Nilai RR = 1, berarti resiko sakit antara kelompok yang memilki resiko sama dengan resiko
sakit dari kelompok yang tidak memiliki resiko. Bila RR = 1 menunjukan bahwa faktor
tersebut tidak meningkatkan resiko terjadinya penyakit tersebut. Nilai RR > 1
mengindikasikan bahwa keberadaan faktor resiko tersebut meningkatkan resiko terjadinya
penyakit pada kelompok ekspose. Nilai RR < 1 mengindikasikan bahwa keberadaan faktor
yang diteliti tersebut memberikan efek pencegahan atau dapat menurunkan resiko
terjadinya penyakit tersebut pada yang memilki faktor tersebut.

149
Untuk mengetahui apakah RR di populasi berbeda dengan 1, maka nilai RR yang
didapatkan dari sampel dihitung nilai conviden intervalnya atau diuji kemaknaannya
dengan uji chi-square.

Penentuan CI dari RR
Nilai CI dari RR dapat dihitung dengan langkah sebagai berikut:
1. hitung nilai RR
2. hitung batas bawah CI 95% RR = RR x Exp{-1,96 √(1/a-1/(a+b)+1/c-1/(c+d)}
3. hitung batas atas CI 95% RR = RR x Exp{-1,96 √(1/a-1/(a+b)+1/c-1/(c+d)}

Contoh:
Misalnya akan diteliti resiko bayi memiliki APGAR < 7 antara ibu dengan riwayat
persalinan beresiko dengan yang tidak memiliki riwayat persalinan beresiko. Hasil
pengukuran APGAR skor dari kedua kelompok adalah sbb:

Faktor Outcome Total


Resiko Apgar<7 Apgar≥7
Ekspose 33 58 91
Nonekspose 2 14 16
Total 35 72 107

Resiko memiliki Apgar <7 pada kelompok ibu yang memeiliki riwayat persalinan berresiko
= 33/91 = 0,36 dan resiko pada kelompok ibu yang tidak memiliki persalinan beresiko =
2/16 = 0,125. Dari hasil tersebut didapatkan nilai RR sampel = 0,36/0,125 = 2,88.
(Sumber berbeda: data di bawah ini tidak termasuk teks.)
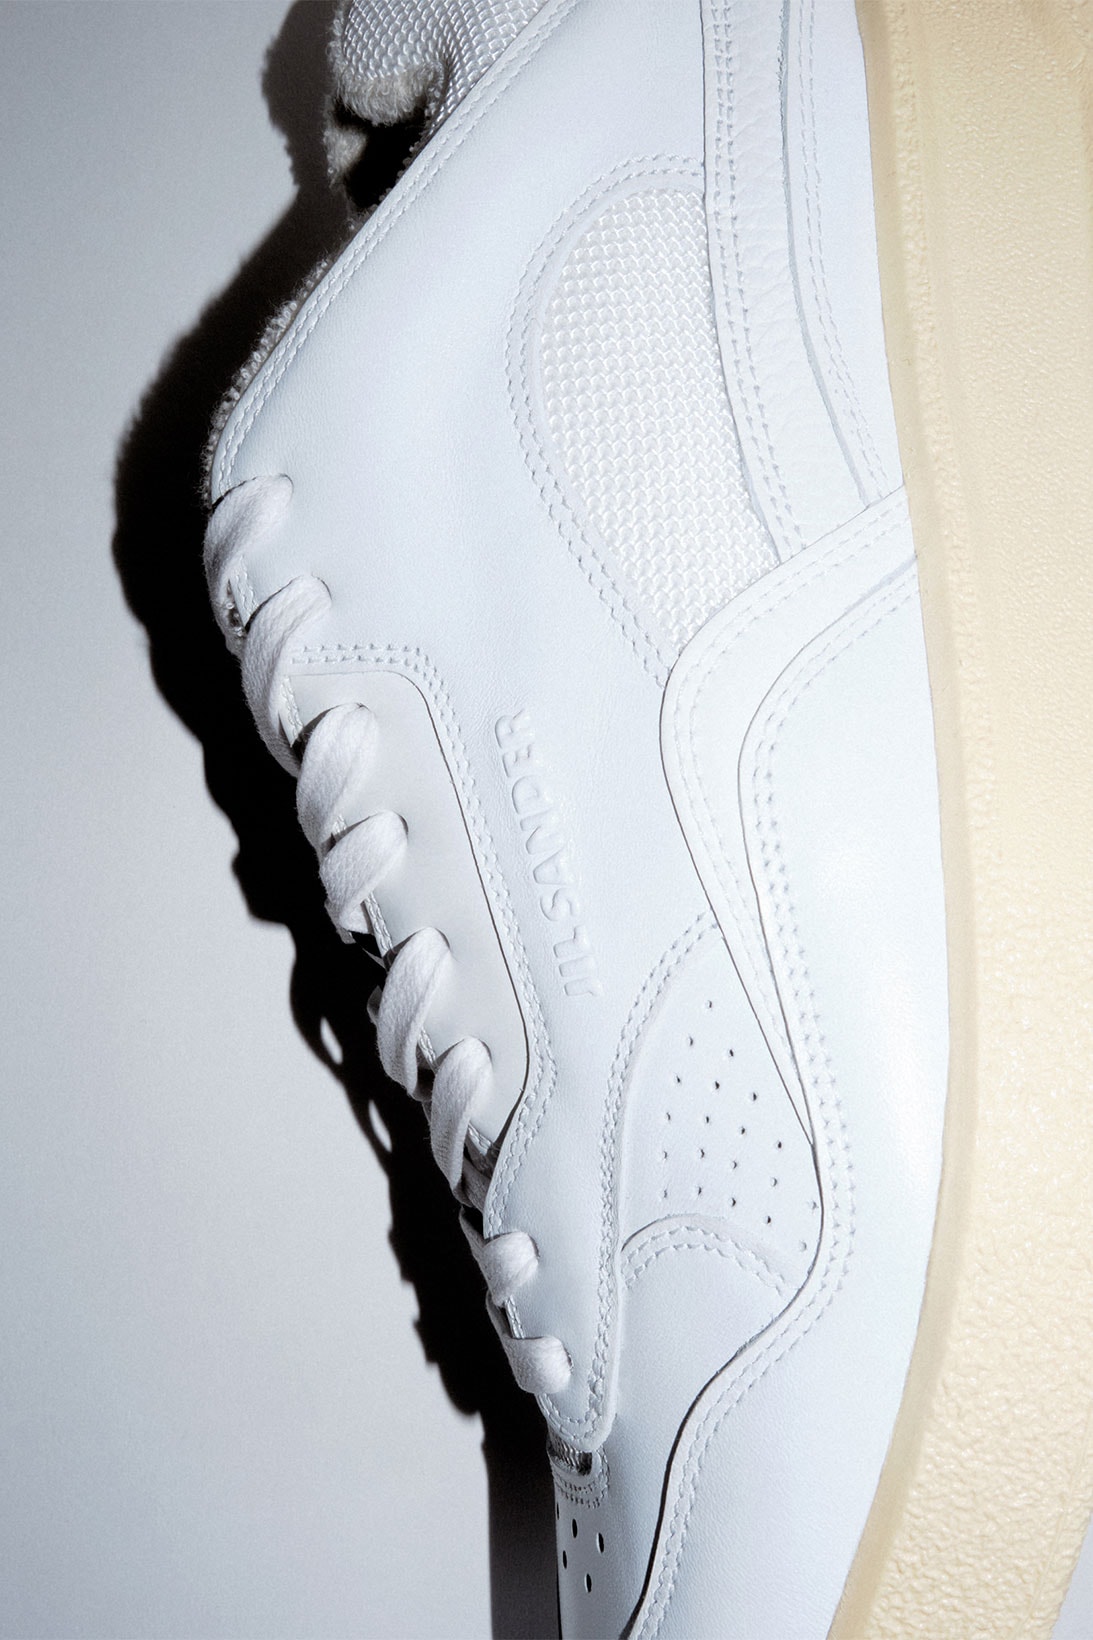 Jil Sander Unisex Sneakers Minimalist White Mid Low Top Release Info

Dari RR sampel selanjutnya diperkirakan RR di populasi dengan menghitung nilai


convident interval 95% dari RR sebagai berikut:

1. Batas bawah = RR x Exp{-1,96 √(1/a-1/(a+b)+1/c-1/(c+d)}


= 2,88 x Exp{-1,96√(1/33-1/91+1/2-1/16)
= 0,76
2. Batas atas = RR x Exp{1,96 √(1/a-1/(a+b)+1/c-1/(c+d)}
= 2,88 x Exp{1,96√(1/33-1/91+1/2-1/16)}
= 10,83

150
Jadi dengan tingkat kepercayaan 95%, RR memilki apgar < 7 antara ibu yang memeiliki
riwayat persalinan beresiko dengan yang tidak memeilki riwayat persalinan bersiko
berkisar antara 0,76 s/d 10,83.
Dari hasl tersebut didapat bahwa RR = 1 ada dalam CI tersebut, maka dapat dismpulkan
bahwa resiko memiliki apgar skor <7 antara ibu yang memilki persalinan bersiko dengan
yang tidak memiliki riwayat persalinan beresiko adalah sama. Dengan kata lain dapat
disimpulkan bahwa memeilki riwayat persalinan beresiko tidak meningkatkan resiko
melahirkan bayi dengan apgar skor < 7.

Perbedaan resiko antara kelompok ekspose dan nonekspose juga dapat diuji dengan uji chi-
square. Uji chi-square untuk RR akan dibahas pada bagian 9.5 di bawah.

11.4 Odd Ratio

9.4.1 Odd Ratio pada Independent Case-Control


Odd Ratio tepat dipakai menentukan perbedaan resiko pada penelitian case-control
(retrospektif). Pada penelitian independent case-control, pemilihan subjek dimulai dari
mereka yang sakit dan yang tidak sakit. Subjek yang sakit disebut kasus dan yang tidak
sakit disebut kontrol. Pemilihan kontrol tidak dipasangkan dengan kasus 9independent
case-control). Keberadaan faktor resiko diamati secara retrospektif. Hasil pengamatan
antara kasus dan kontrol dapat disajikan dalam tabel 2x2 seperti berikut.

Faktor Outcome Total


Resiko Kasus Kontrol
Ekspose a b a+b
Nonekspose c d c+d
Total a+c b+d n=a+b+c+d

Odd Ratio adalah ratio antara Odd terjadinya ekspose antara kasus dan kontrol. Odd
didefinisikan sebagai perbanding probabilitas terjadinya ekspose dan nonekspose. Bila p
adalah probabilitas terjadinya ekspose maka 1-p merupakan probabilitas tidak terjadinya
ekspose, oleh karena itu Odd = p/(1-p). Maka Odd Ratio dapat dihitung sbb:

1. Odd kasus terekspose = a/(a+c)/c/(a+c) = a/c

151
2. Odd kontrol terekspose = b/(b+d)/d/(b+d) = b/d
3. OR = Odd kasus/Odd kontrol = a/c/b/d = ad/bc

Nilai OR sama dengan 1 menunjukan bahwa resiko terjadi sakit antara kelompok ekspose
dan nonekspose tidak berbeda. Nilai OR > 1 menunjukan bahwa resiko terjadinya sakit
pada kelompok ekspose lebih tinggi dari nonekspose. Nilai OR < 1 mengindikasikan
terjadinya penurunan resiko sakit pada kelompok terekspose atau juga disebut keberadaan
faktor tersebut memberikan efek pencegahan.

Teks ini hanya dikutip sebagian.